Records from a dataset

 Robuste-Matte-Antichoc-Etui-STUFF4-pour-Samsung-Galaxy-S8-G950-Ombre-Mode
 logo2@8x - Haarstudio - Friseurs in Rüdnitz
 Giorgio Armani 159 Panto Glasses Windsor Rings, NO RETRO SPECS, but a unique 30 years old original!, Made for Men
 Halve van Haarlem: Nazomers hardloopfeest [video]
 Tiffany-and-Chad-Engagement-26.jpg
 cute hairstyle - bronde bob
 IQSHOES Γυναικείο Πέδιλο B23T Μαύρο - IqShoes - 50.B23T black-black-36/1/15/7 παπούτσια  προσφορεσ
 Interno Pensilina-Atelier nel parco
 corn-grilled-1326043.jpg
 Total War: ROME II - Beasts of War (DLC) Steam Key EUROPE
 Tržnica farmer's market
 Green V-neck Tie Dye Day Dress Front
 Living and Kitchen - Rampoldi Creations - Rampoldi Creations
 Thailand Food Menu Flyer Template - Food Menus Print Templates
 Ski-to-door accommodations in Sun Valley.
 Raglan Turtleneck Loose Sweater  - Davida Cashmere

*What you are asked to do*: Return exactly the lines in the records above, beginning with the one that holds "Interno Pensilina-Atelier nel parco" and ending with the last.

*Result of the exercise*:
 Interno Pensilina-Atelier nel parco
 corn-grilled-1326043.jpg
 Total War: ROME II - Beasts of War (DLC) Steam Key EUROPE
 Tržnica farmer's market
 Green V-neck Tie Dye Day Dress Front
 Living and Kitchen - Rampoldi Creations - Rampoldi Creations
 Thailand Food Menu Flyer Template - Food Menus Print Templates
 Ski-to-door accommodations in Sun Valley.
 Raglan Turtleneck Loose Sweater  - Davida Cashmere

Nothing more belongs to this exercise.